When is the best time of year to watch a great slasher flick? Perhaps you’re thinking about October, near Halloween. Maybe a Friday the 13th lands during the month and you need some Voorhees in your life. But I hope you haven’t forgotten about one of the best seasons of all. I’m talking about ‘Holiday Horror’. If you like Gremlins, then you like holiday horror. Or maybe you saw Fast Times at Ridgemont High, and loved anything with Phoebe Cates ever since. I don’t blame you.
Wether you spin dreidels, or hang stockings, holiday horror flicks are a delightful treat that enhance the truly horrific qualities of our favorite holidays. It is the most wonderful time of the year, so why not incorporate some gratuitous violence with your yule tide cheer? For a fantastic example, check out Santa’s Slay starring none other than WCW wrestling superstar Bill Goldberg. (Just so all you Wrestlemaniacs are well aware, he does throw his signature move, “The Spear.”) This all-star line up also includes James Cann, Chris Kattan, Fran Drescher, and Rebecca Gayheart. Oh wait, never mind. They all get axed within the first four minutes. This is a true sign of slasher genius.

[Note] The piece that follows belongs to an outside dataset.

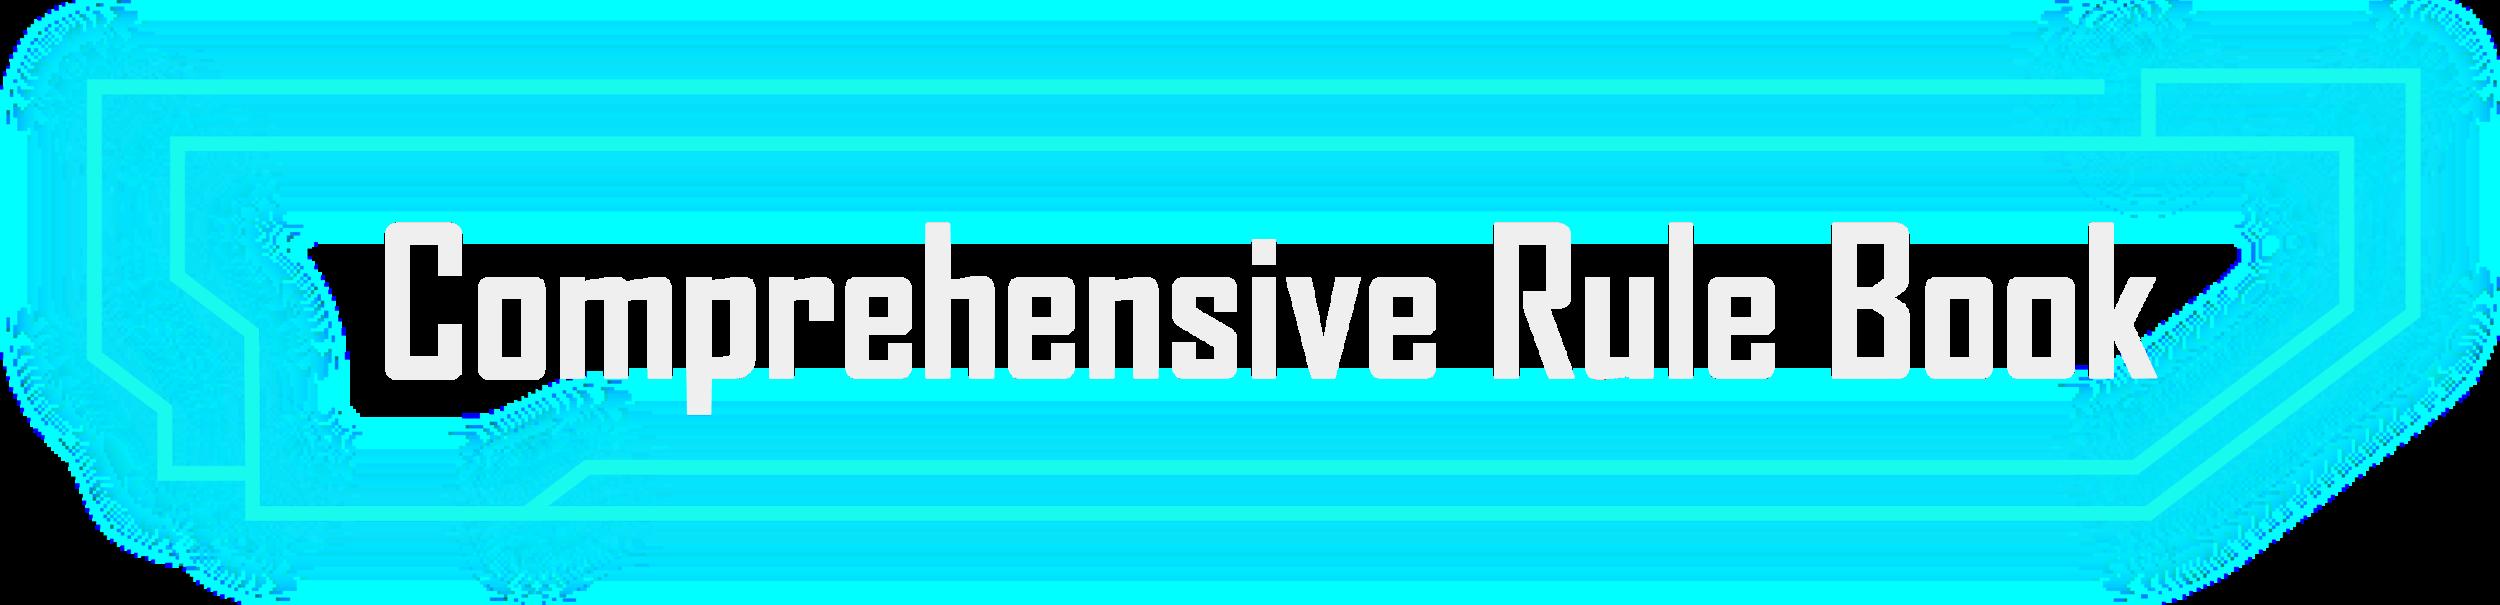 Comprehensive Rulebook-06.png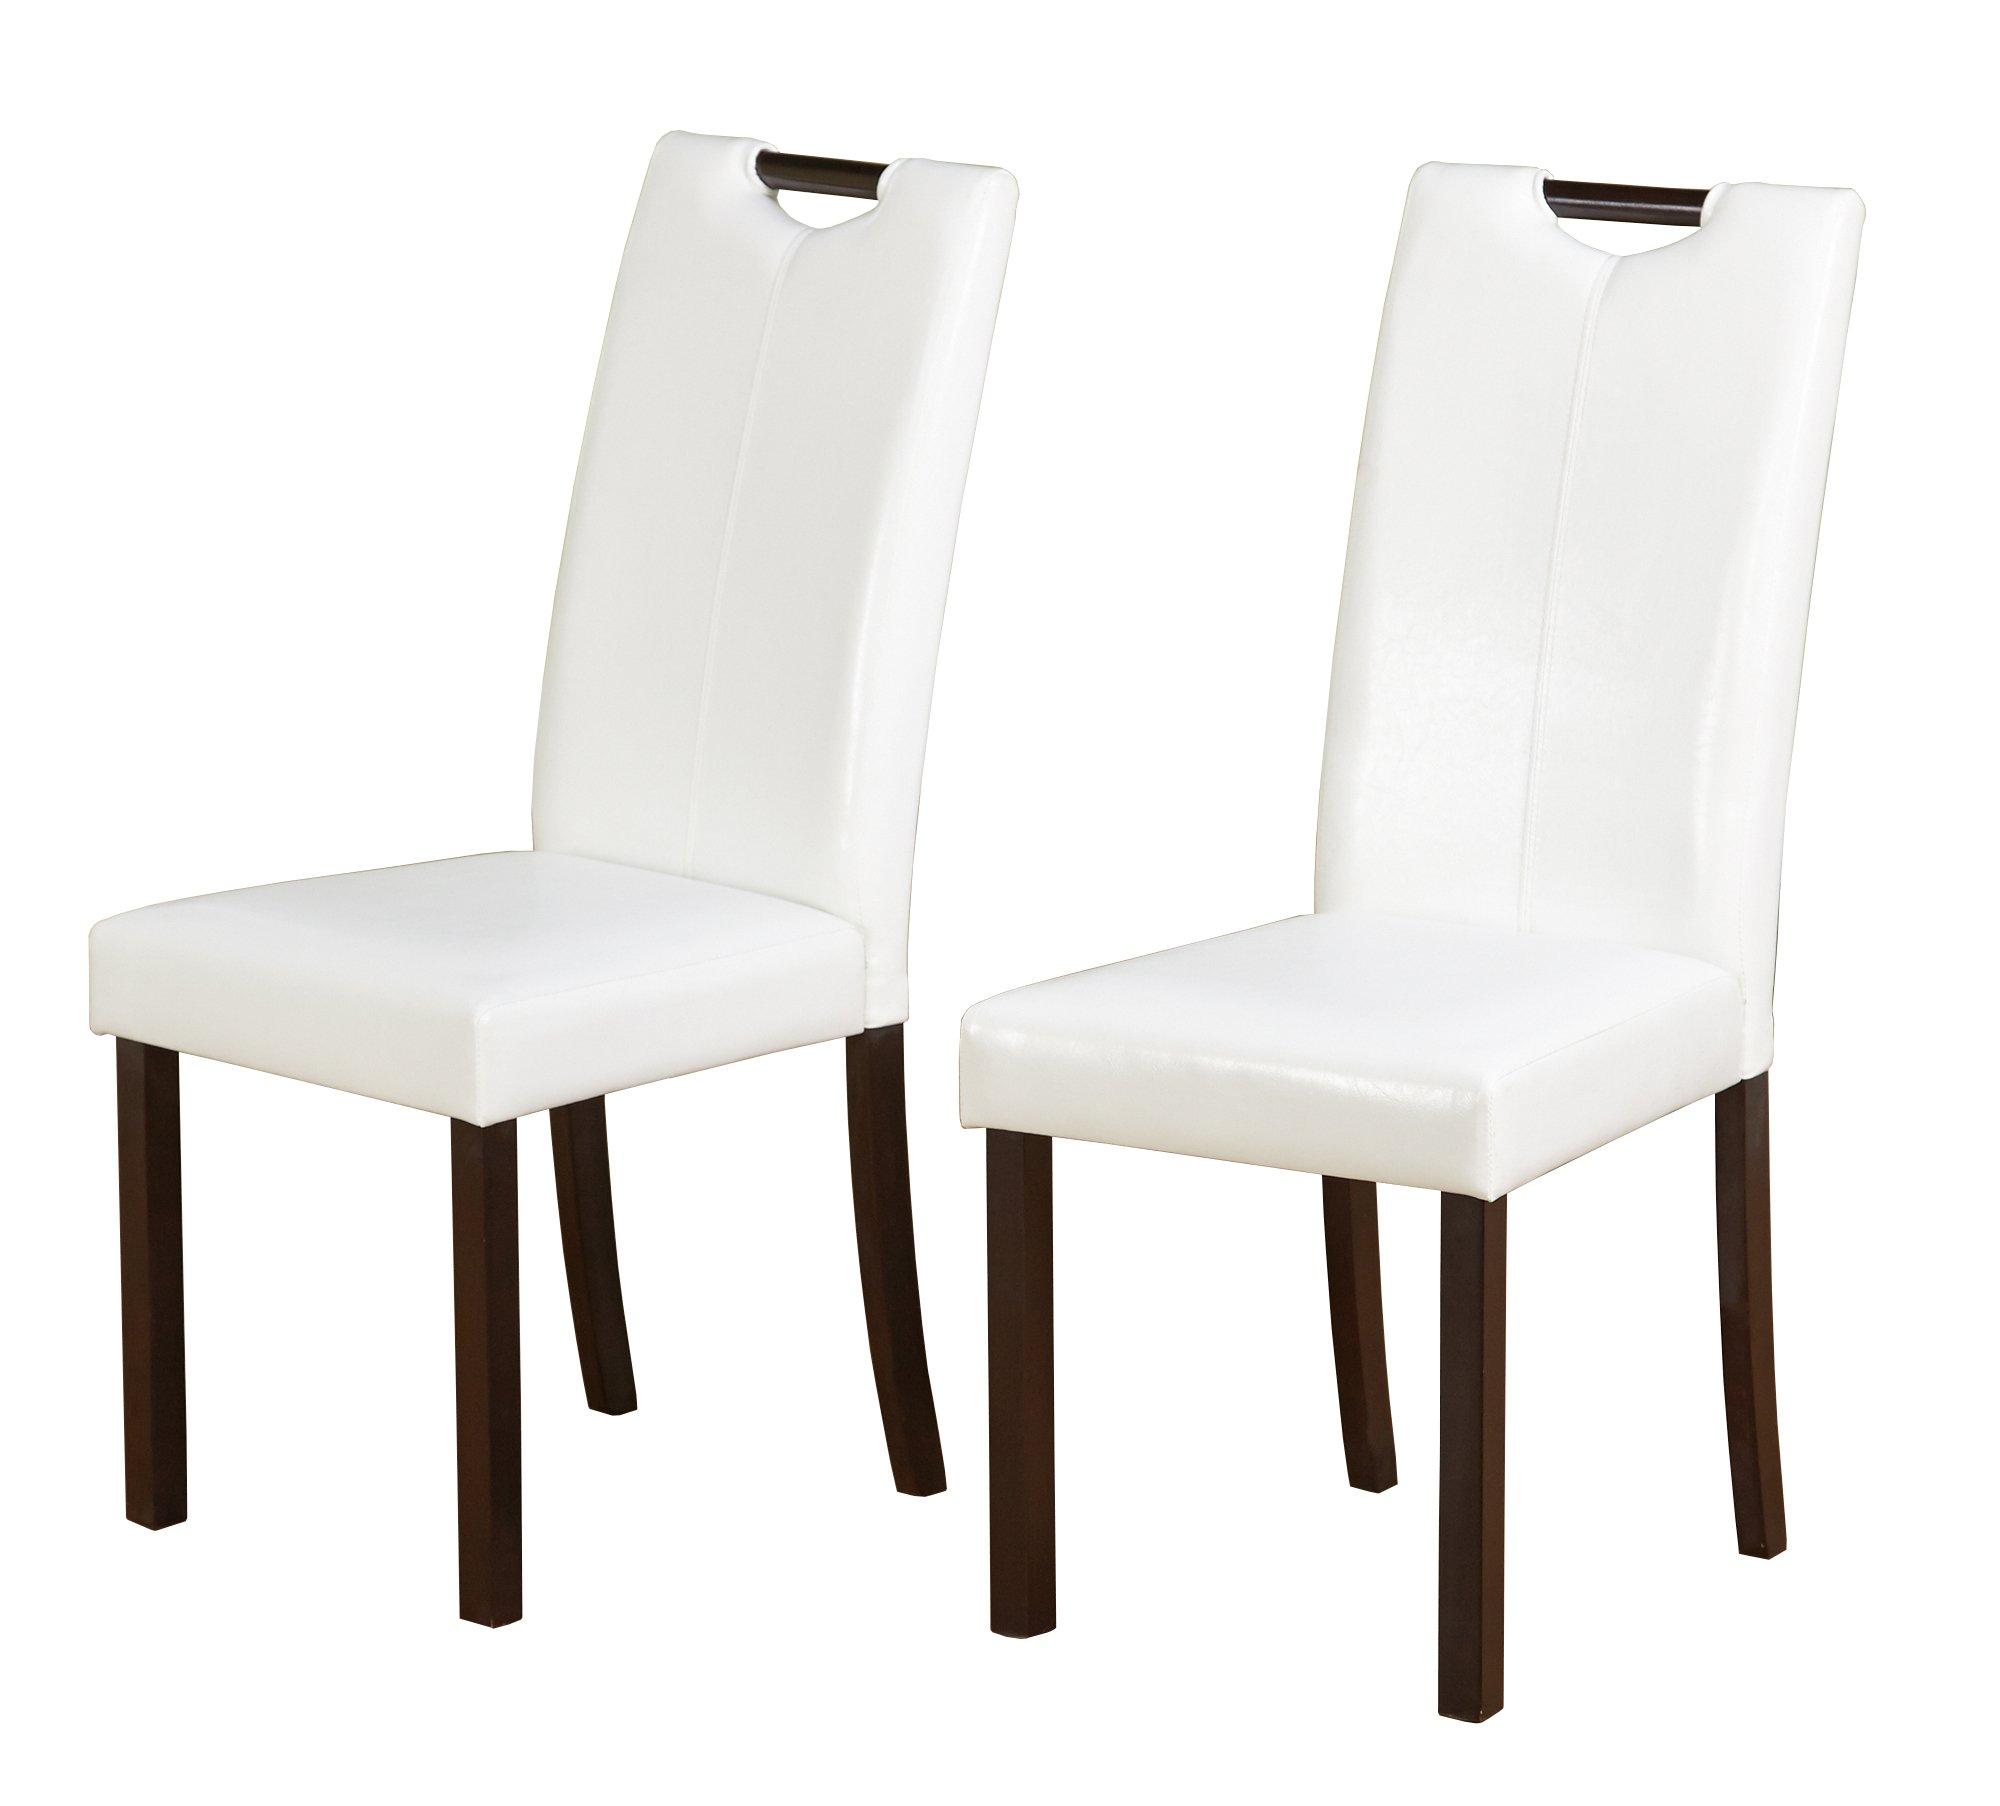 Target Marketing Systems 18018WHT PR Tilo Dining Chairs White by Target Marketing Systems

The plot revolves around Nicholas Yuleson (Douglas Smith). A young teen struggling through the holidays with his bah humbug grandfather. Luckily he has his girlfriend Mary (Emilie de Ravin of “Lost”) by his side. The plot may have borrowed some ideas from the Rosemary’s Baby playbook. The film shows us there have been two immaculate conceptions. God and the Virgin Mary giving birth to Jesus Christ, and Satan with the Virgin Erika giving birth to none other than Santa. See what they did there? They switched the position of the “n”.
Are you devastated right now, knowing that Santa has been a spawn of Satan this whole time? You must be thinking, “Wait, Santa brought me toys and ate my cookies for all those years.” Well, it turns out the only reason Santa has been so “nice” is because he lost a bet 1000 years ago. What was the game? None other than curling. Has this story sucked you in yet? It should. If not, then you just down right do not have any holiday cheer.
So his 1000 years of service are up, and in Santa’s words himself, “I’m just here to spread a little yule tide fear.” Santa is back this Christmas and this time, he is on the naughty list.
His first target is Hell County. For you Michiganders, we recognize that, Yes, there is a Hell, Michigan. His transportation itself is a force to be reckoned with. Have you ever seen a flying buffalo? Me neither. But I have seen a Hell Deer. Santa’s Slay eliminates any cuddly reindeer with electrical noses, and replaces it with one giant gruesome looking ‘Hell Deer.’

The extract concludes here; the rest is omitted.